Mefloquine as a prophylaxis for malaria needs to be revisited

Sundus Shafat Ahmad a, Manju Rahi b, Vikash Ranjan a, Amit Sharma a,c,
PMCID: PMC8342532  PMID: 34339933

Abstract

According to WHO, 2019 witnessed 229 million cases of malaria globally, of which Africa accounted for 94% of cases. Early diagnosis and treatment are the basis of malaria management, and the need for good chemoprophylaxis especially for people travelling to endemic areas is vital. There are a number of drug options available for the prophylaxis of malaria, mefloquine being one of the drugs used. Mefloquine has been around from the 1970s, and was developed in the United States keeping in mind the soldiers that were being deployed to areas where chloroquine resistant strains of Plasmodium were discovered. Mefloquine was preferred for its once a week dosage. Within a decade of its introduction, reports of the side effects associated with its long-term use surfaced.

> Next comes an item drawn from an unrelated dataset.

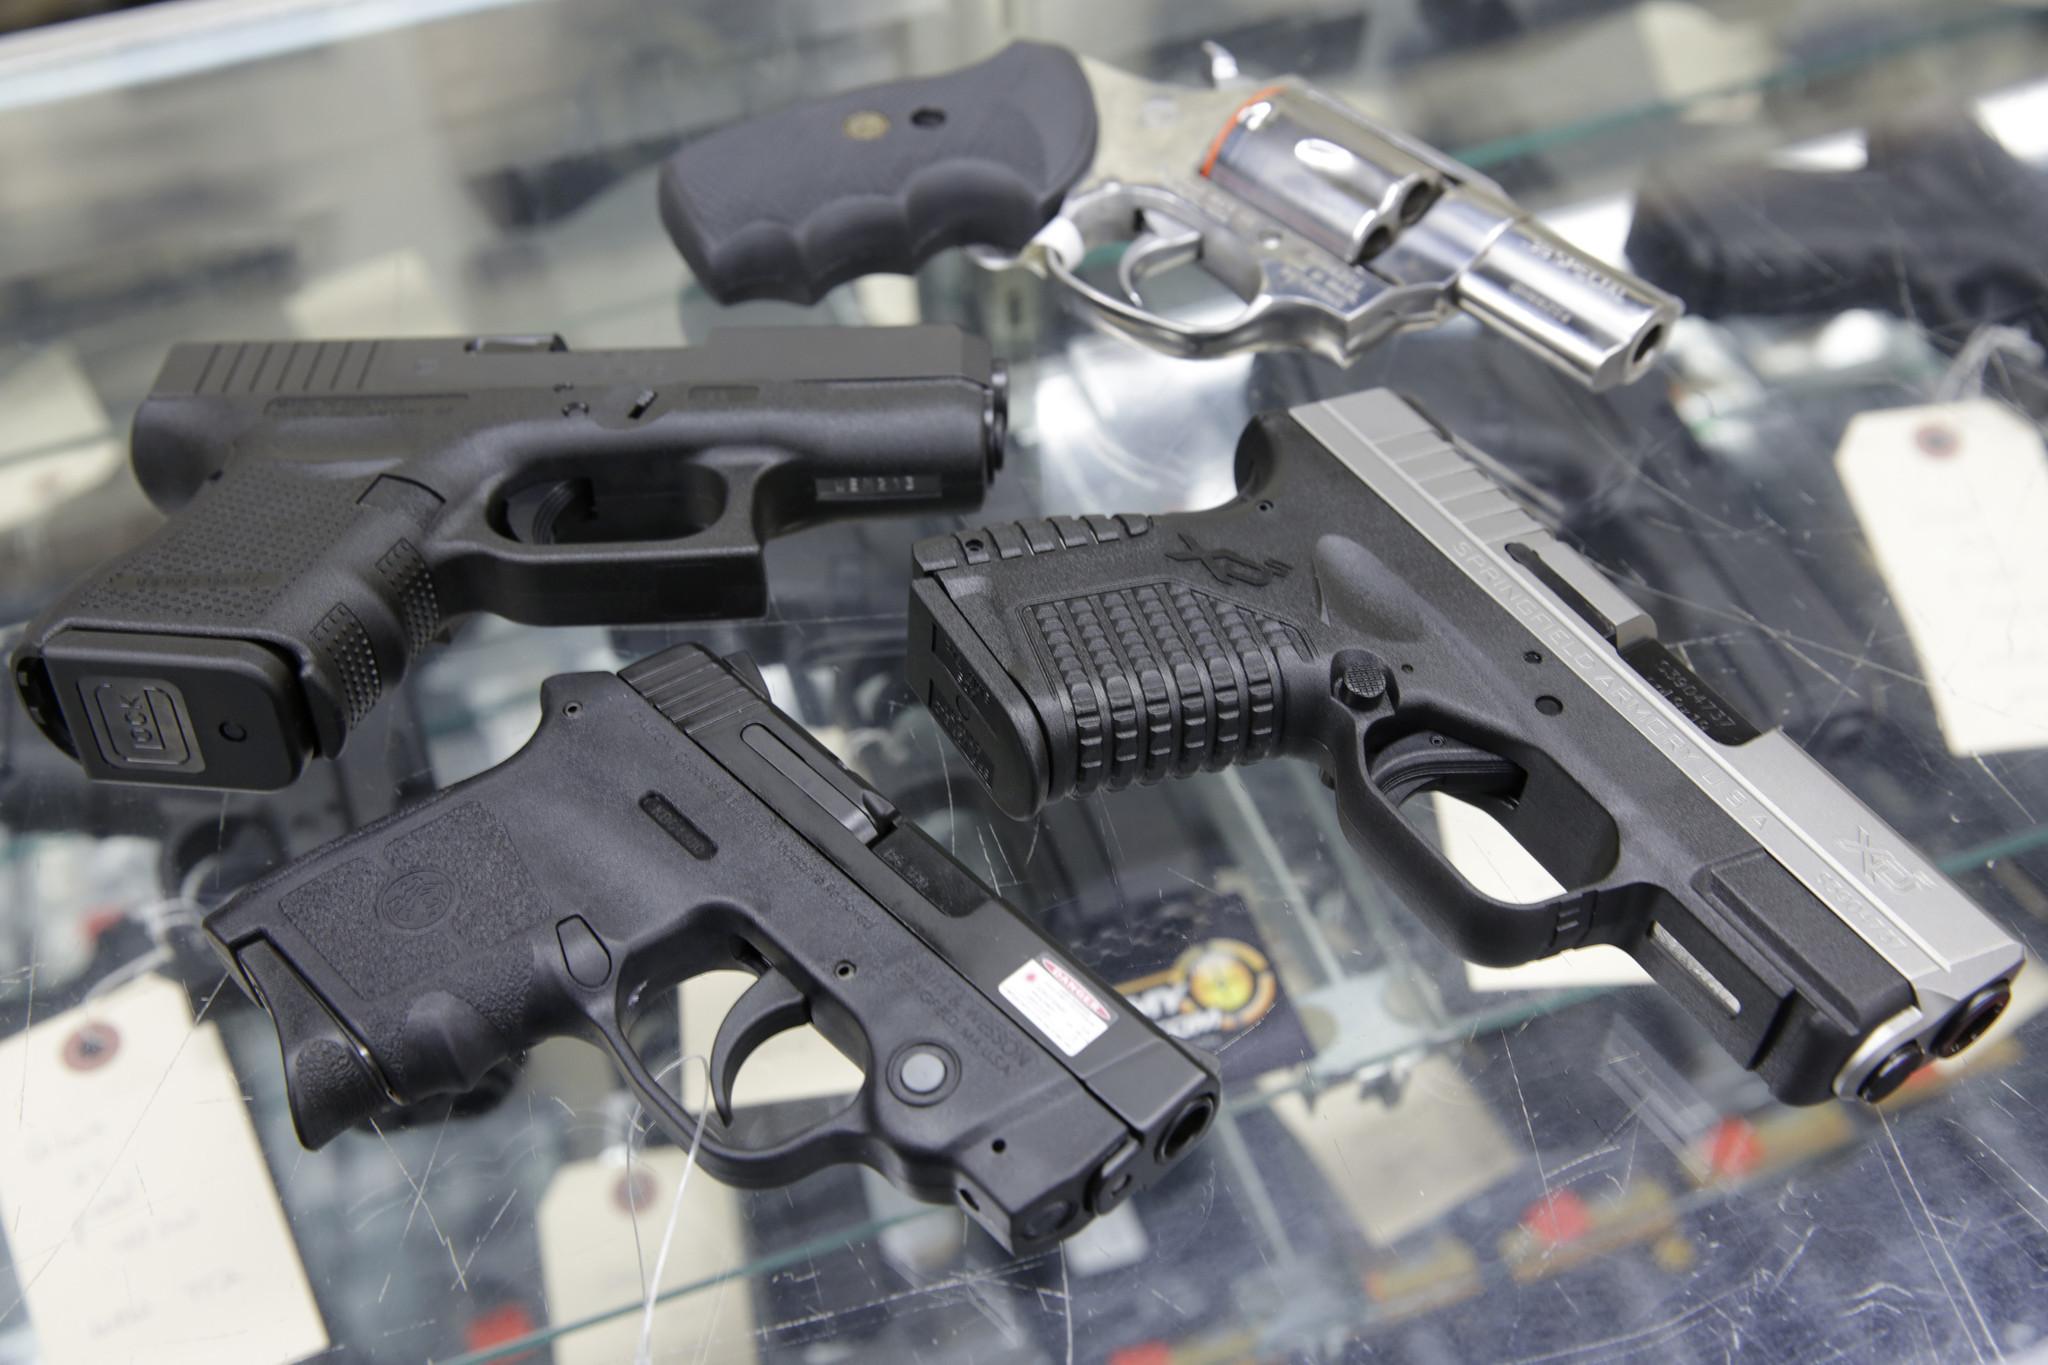 Gun Instructors Lose Certification After Students Report Too Short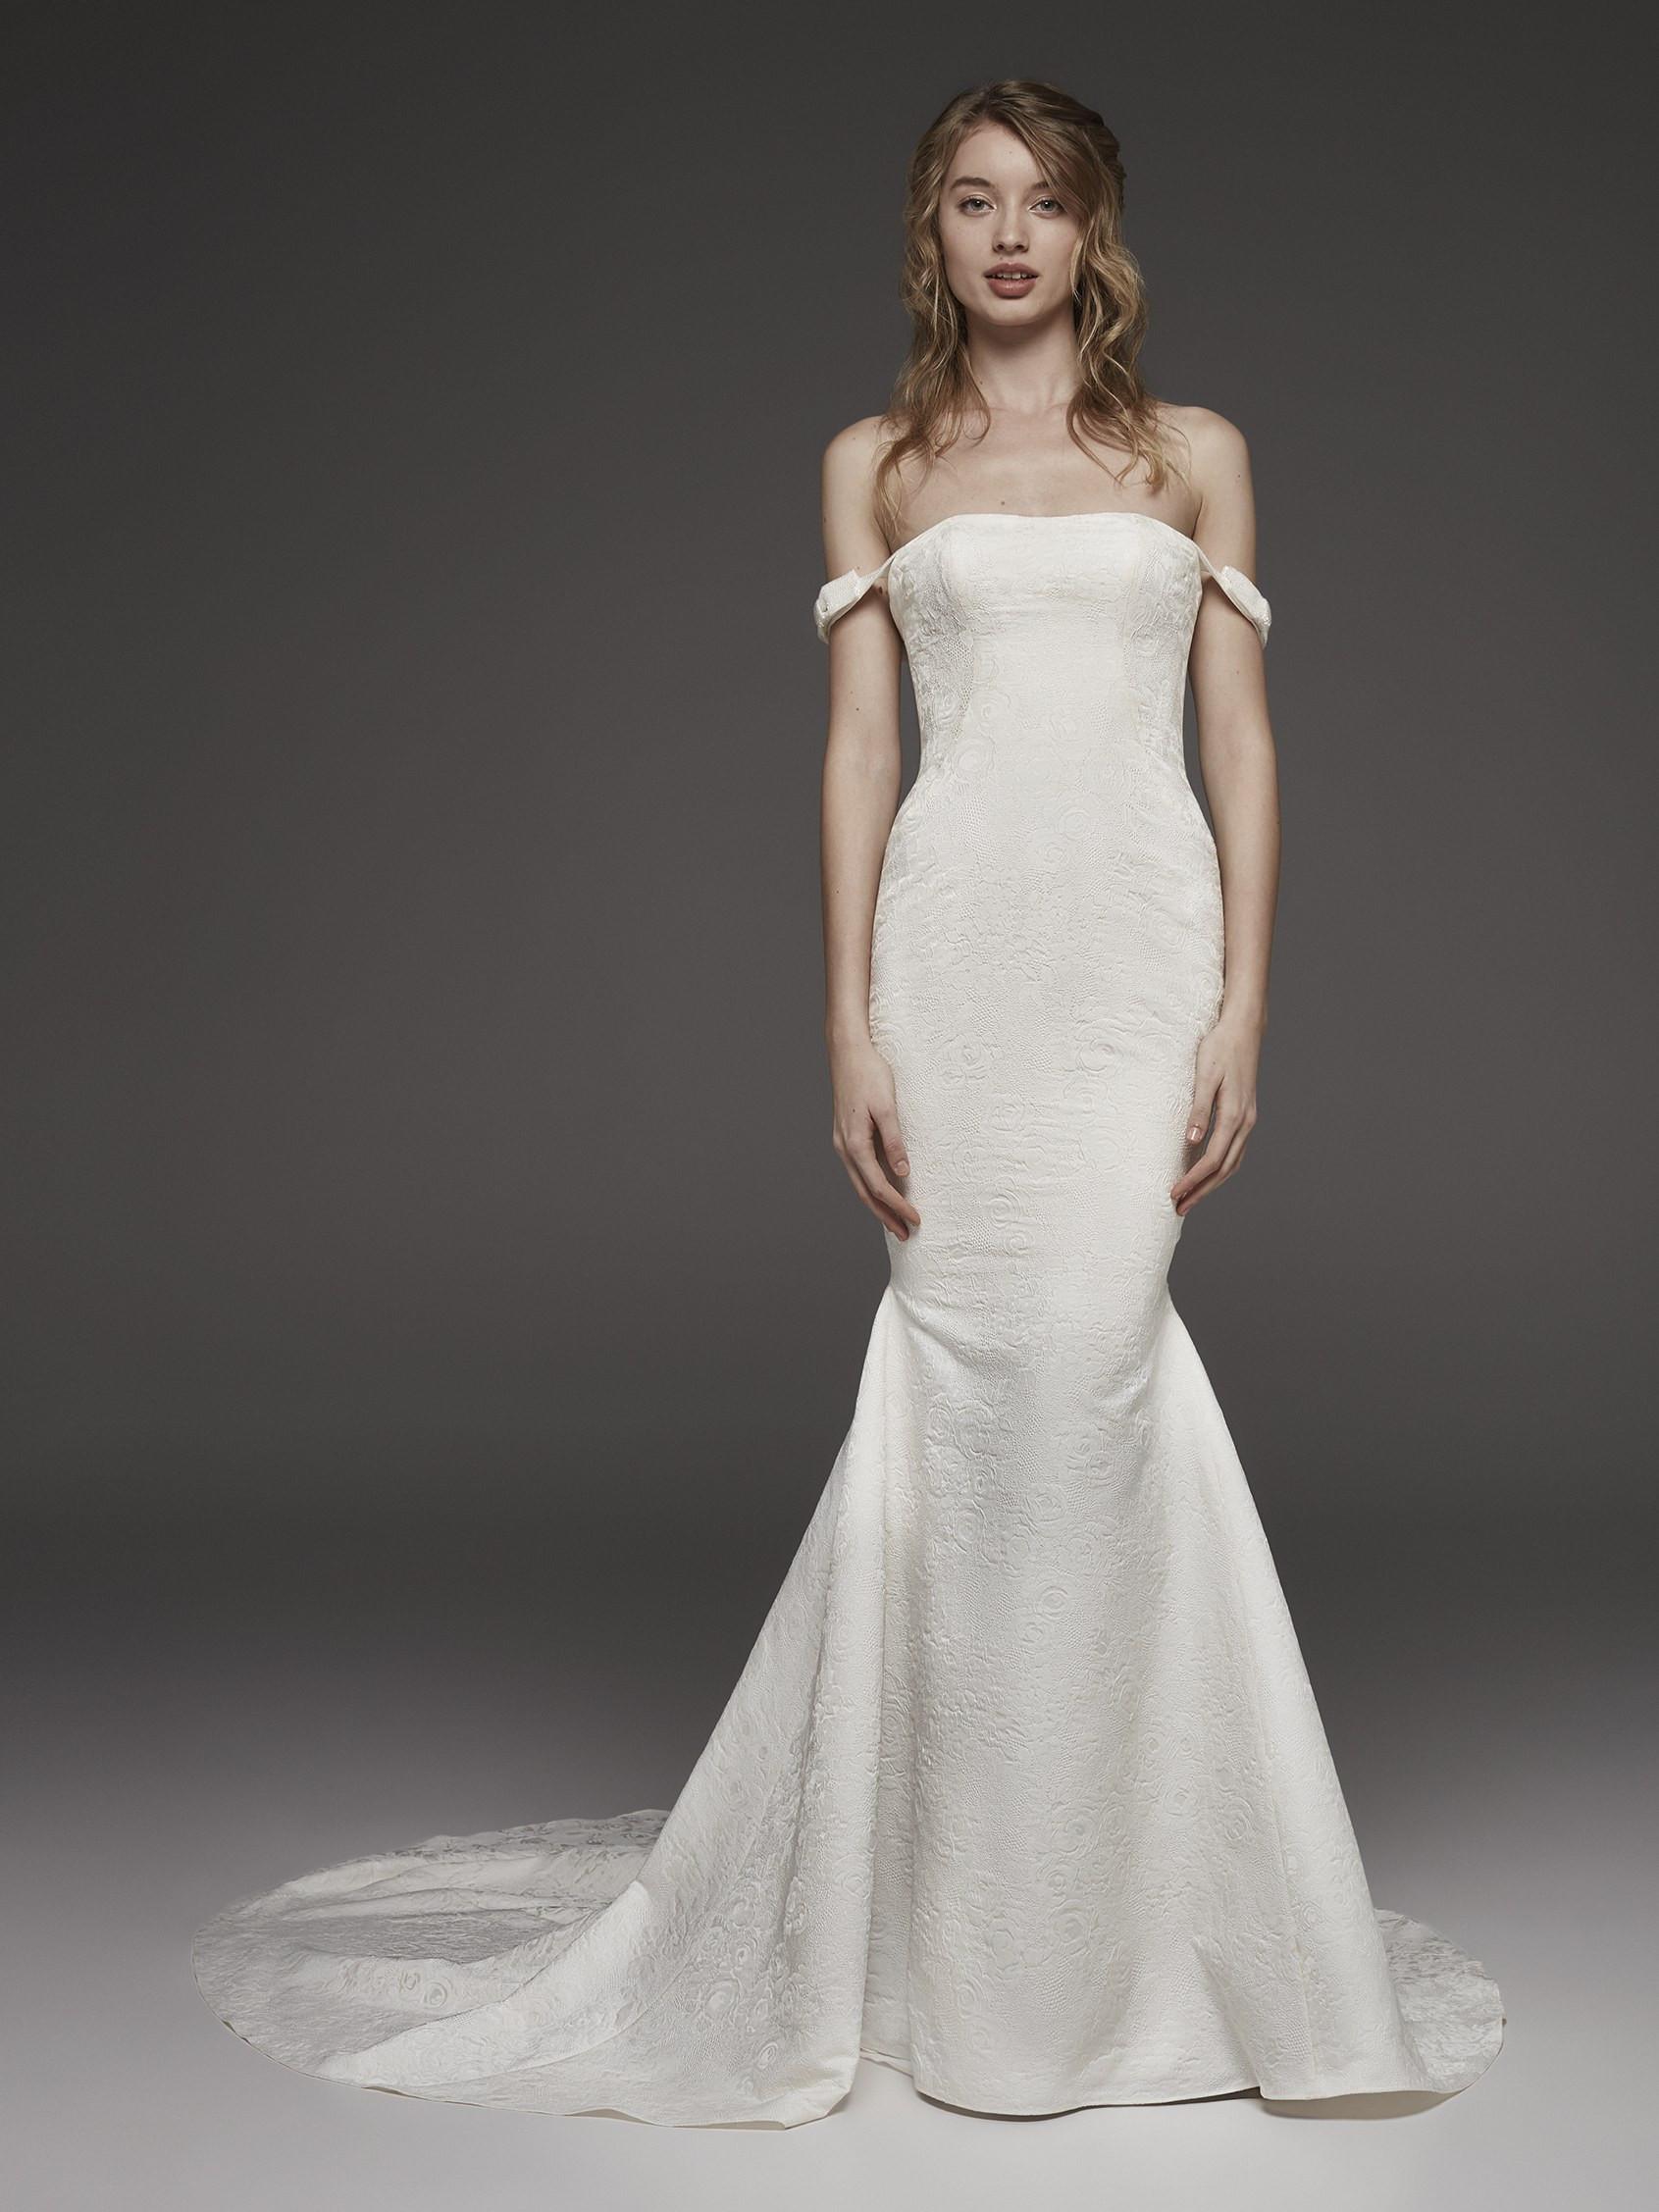 Mira Couture Atelier Pronovias Helvetia Wedding Dress Bridal Gown Chicago Boutique Front

Mefloquine is now reported to cause a myriad of neuropsychiatric side effects including anxiety, sleep disturbance, depression, dizziness and frank psychosis, especially in patients with pre-existing psychiatric disorders. Many countries like the United States and the United Kingdom have updated their drug boxes to include the warning of these potential neuropsychiatric effects. This paper reviews the side effects of mefloquine and why there is a need to revisit its use in Indian drug policy.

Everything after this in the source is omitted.